It’s about a soldier who loved a nurse, a man who loved the outdoors, and a family that loved great craftsmanship.
It’s also a story of the American Dream— an immigrant who started a successful business out of his garage. It's a story about the true PNW spirit.
Werner Furrer was a Swiss soldier in World War II. Shortly after the Second Great War he was in a car crash. There in the hospital he met his future wife, Martha. They were both outdoorsy types, Swiss mountain climbers with a fondness for scaling the Alps. The young couple eloped to Canada.
In North America, the newly-married Furrers began to fervently explore the Adirondacks. Werner’s love for the outdoors manifested itself in the gear that he began to design and build. He started making solo kayaking trips down rivers in the Northeast.

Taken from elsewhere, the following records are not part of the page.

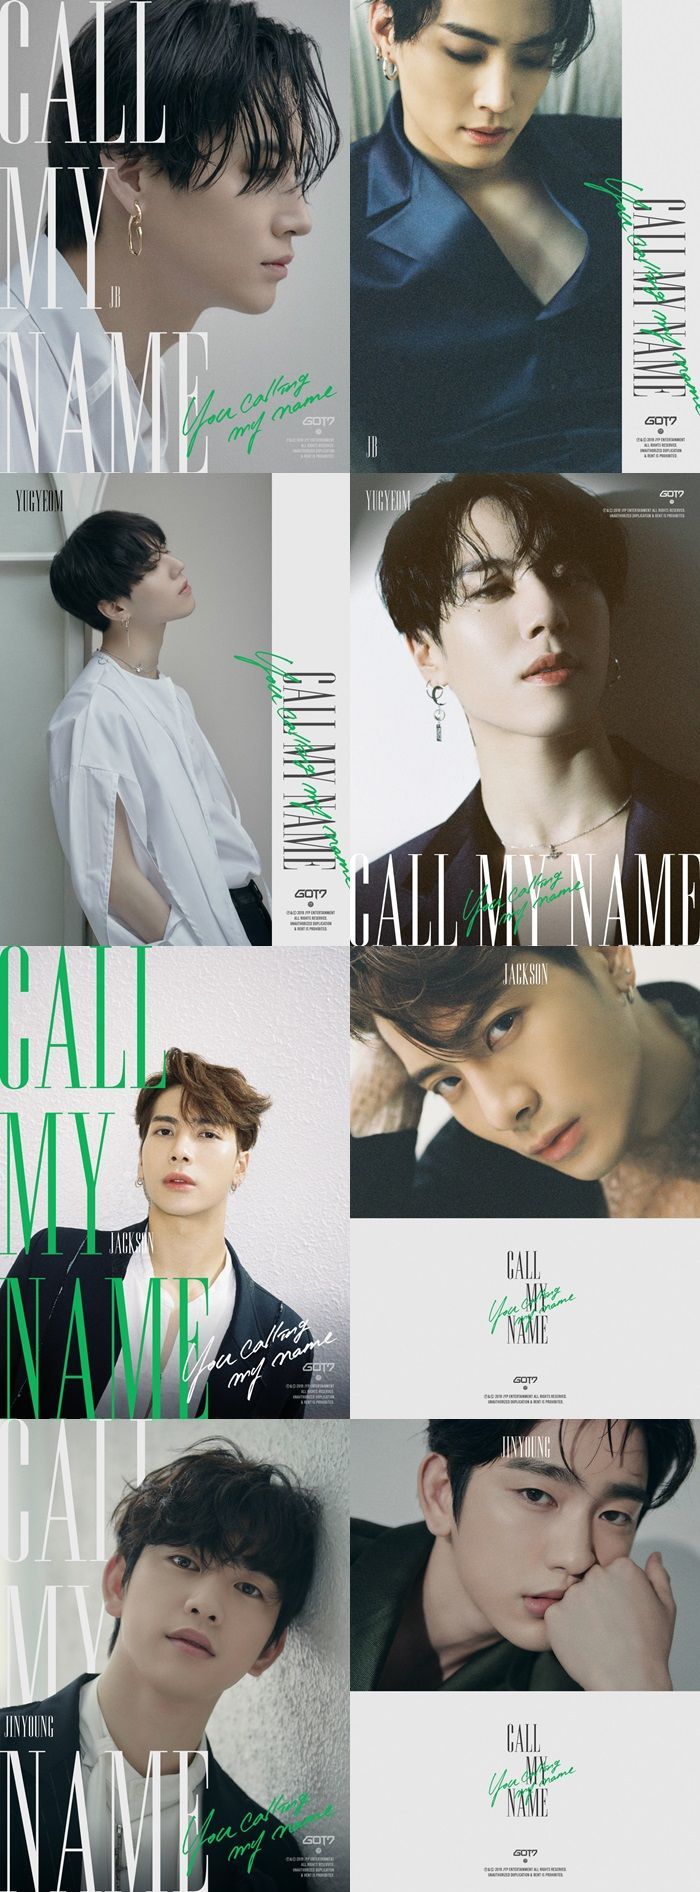 GOT7 (GOT7) has poured out 20 personal Teaser Images from the new album Call My Name (call My Name) at once.On the 28th, JB, yu-gum, Jackson, and Jinyoungs image were released on the official SNS channel, and the comeback atmosphere was warmed up.Their beauty was evident in the presence of GOT7, which is represented by visual group. Images contain the faces of members captured from various angles.JB and yu-gum caused a heartbeat with a perfect sideline that seemed to be shaved, and Jackson and Jinyoung fired deep eyes calling for close-ups.In addition, sexy suits and desolate eyes harmonized with a strange harmony and created a unique atmosphere.On the other hand, GOT7 announces Call My Name and title song My Name You Call at 6 pm on November 4th.Before the return of six months, we are pouring out a lot of comeback content, such as prologue film, group Teaser, and opening five types of Teaser Image for each member.The comeback title song My Name You Call is about the meaning of the name GOT7 that fans call.Expectations are high on what explosive synergy will be achieved by adding a heartfelt message.
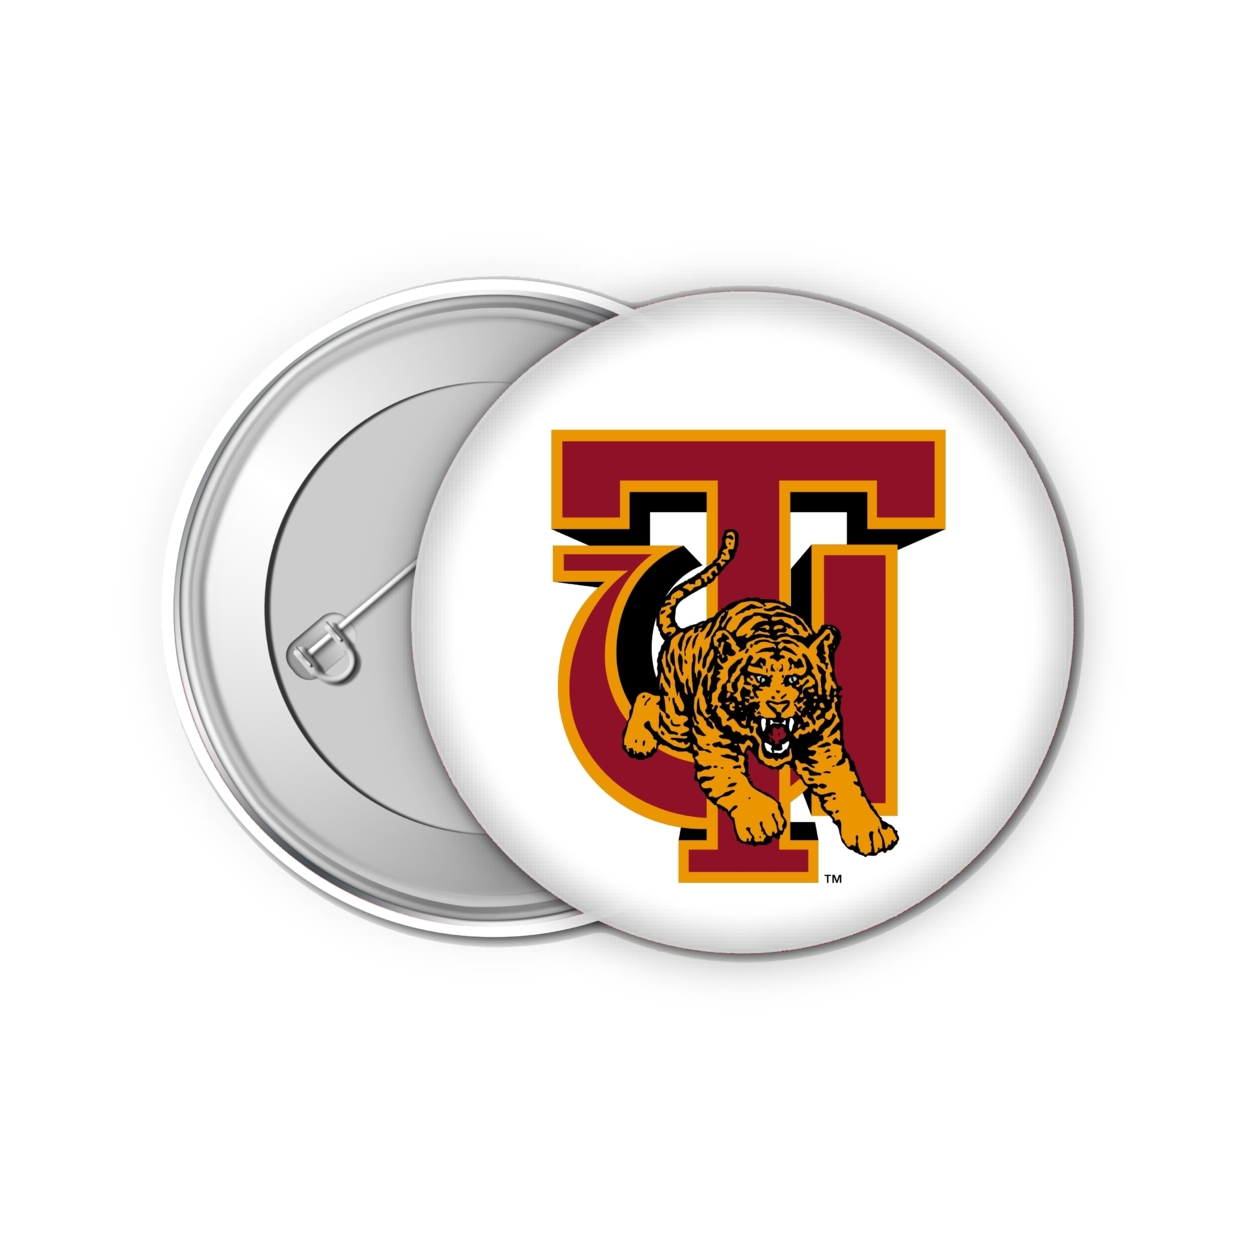 Tuskegee University Small 1-Inch Button Pin 4 Pack
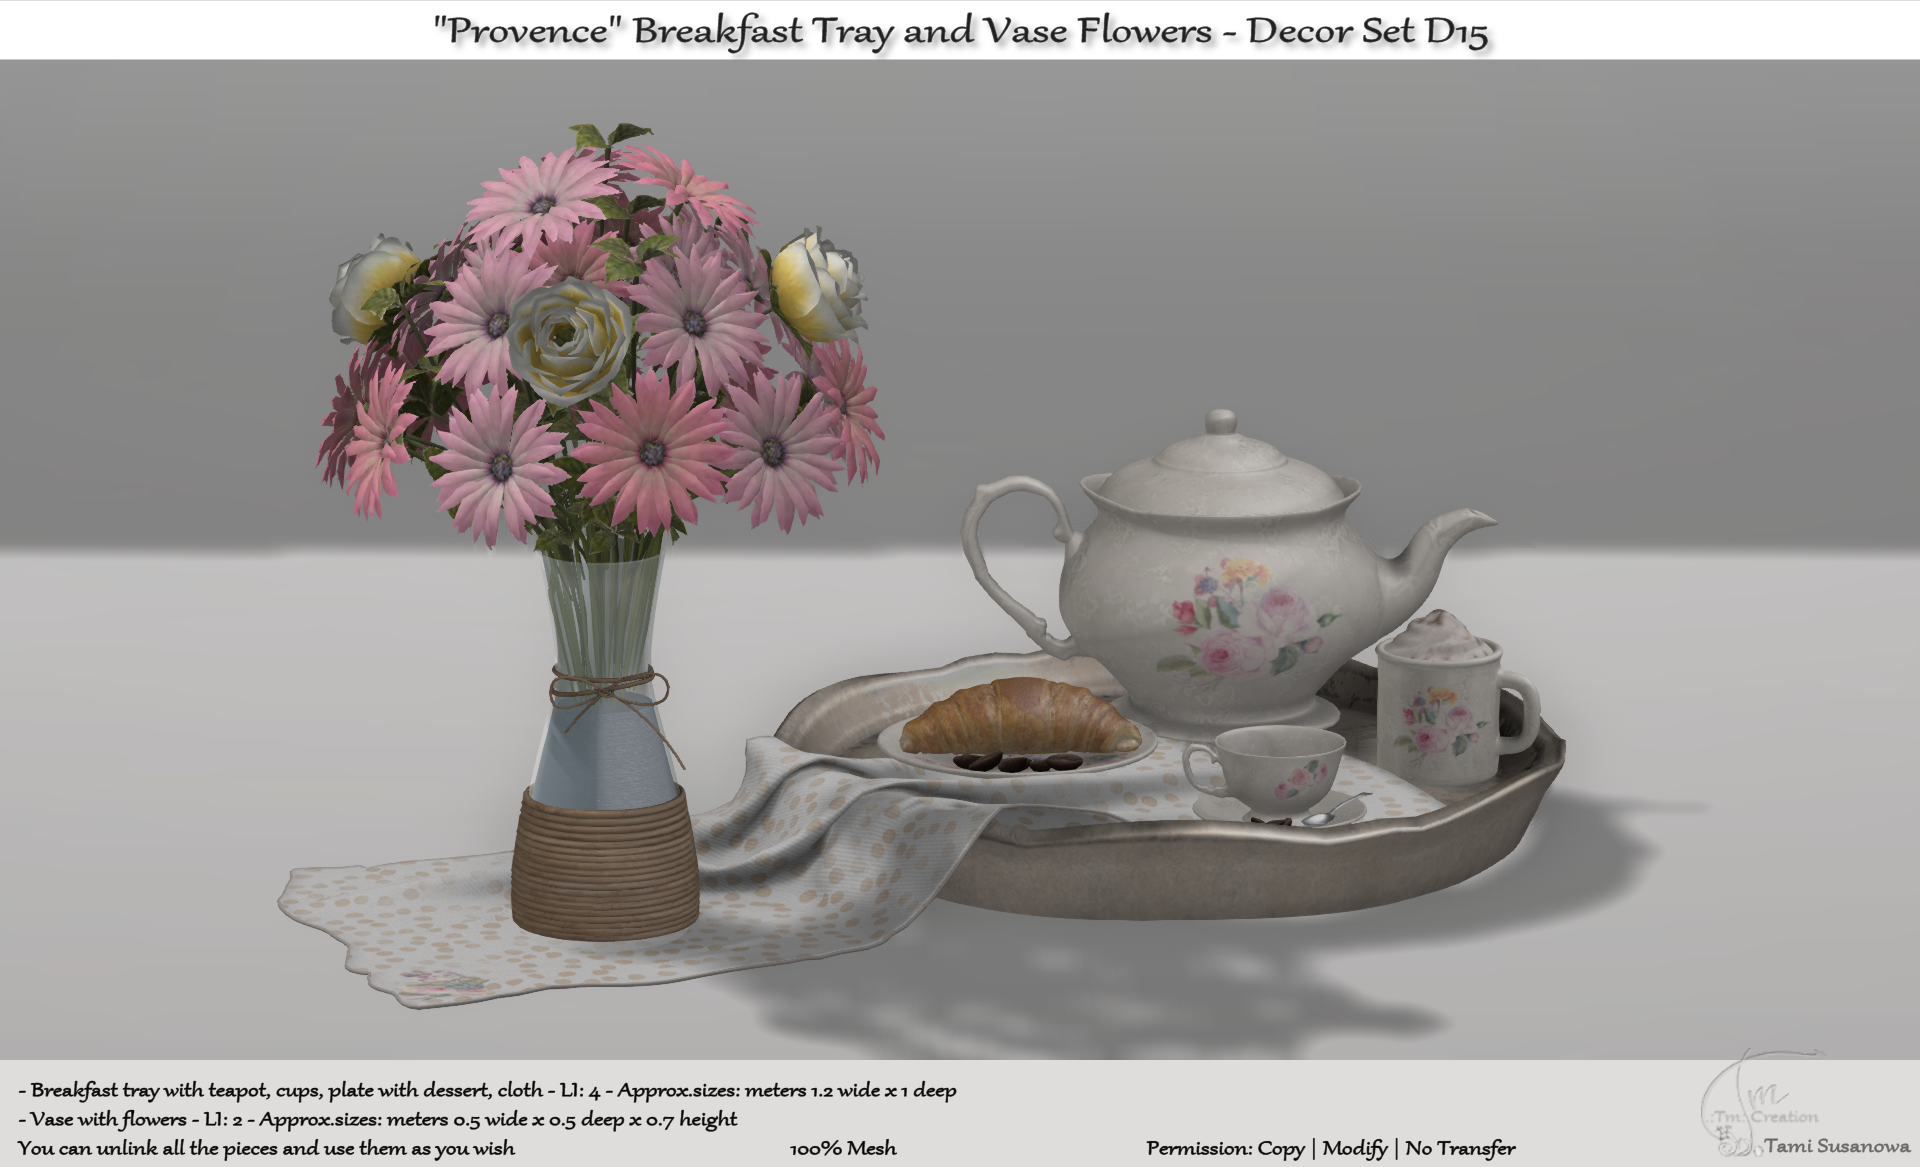 Tm Creation – “Provence” Breakfast Tray and Vase Flowers

He travelled in a kayak of his own design. His background in Swiss engineering drove his obsession for fine craftsmanship.
The Furrers moved to the Northwest, settling in the Seattle NorthCountry, and began exploring the local rivers in earnest.
This was in the 1950s and 1960s, in the days before big outdoor gear companies were commonplace. The more Werner Furrer got into outdoor watersports the more his garage came to resemble a manufacturing center for outdoors goods. His children and wife started joining in the production. They built kayaks, ice picks, ice axes, personal flotation devices, and, of course, paddles.
Friends and extended family started borrowing the handmade gear, so the Furrer family began to brand their products with their trademark symbol— an encircled W over an M. The W stood for Werner, the M stood for Martha. This Werner Paddles emblem is still used today, still stamped into their molded carbon fiber paddles that travel the globe.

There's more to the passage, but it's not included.